===== Provided material
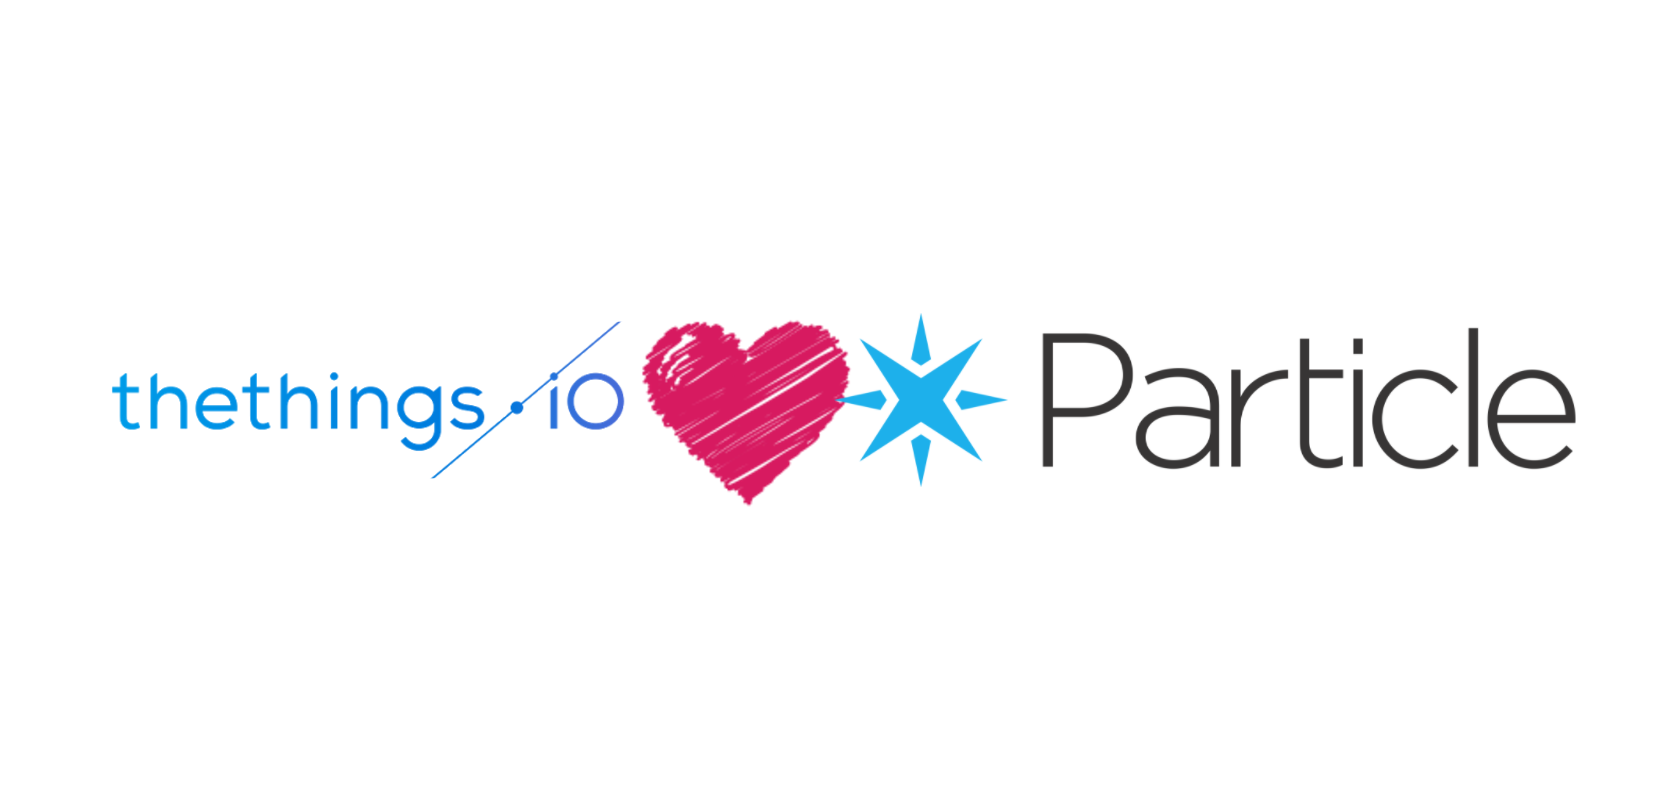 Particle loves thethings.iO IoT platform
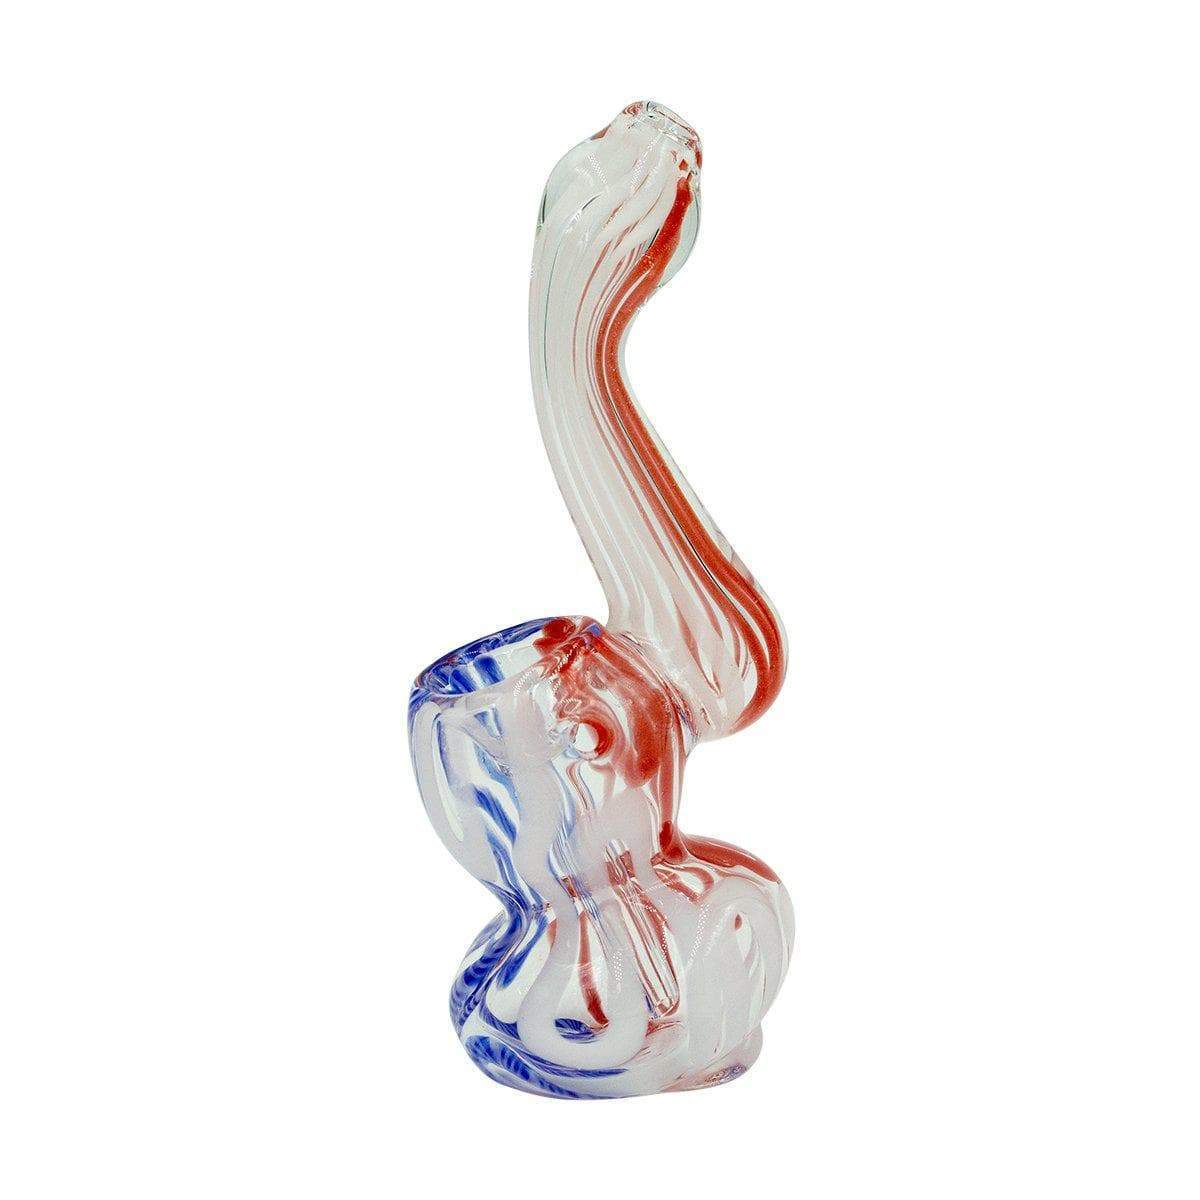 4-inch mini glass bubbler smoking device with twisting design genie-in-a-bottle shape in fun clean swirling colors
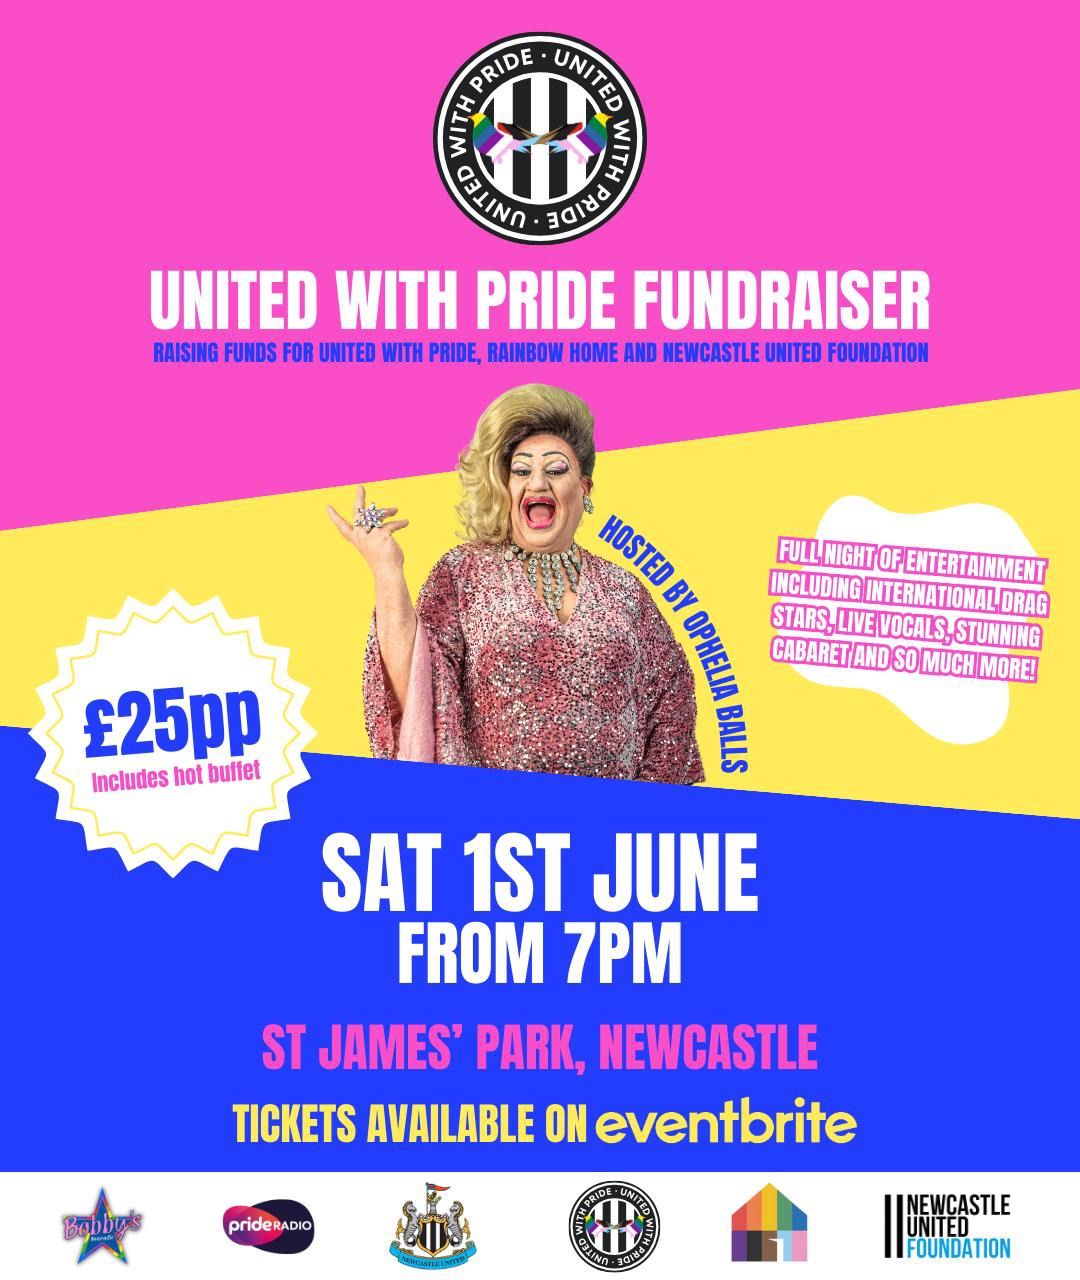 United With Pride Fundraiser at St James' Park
==========
Problem to work on: Whenever a line holds a picture, print that line without the picture. All other data must be output exactly.

Problem solution:
 Particle loves thethings.iO IoT platform
 4-inch mini glass bubbler smoking device with twisting design genie-in-a-bottle shape in fun clean swirling colors
 United With Pride Fundraiser at St James' Park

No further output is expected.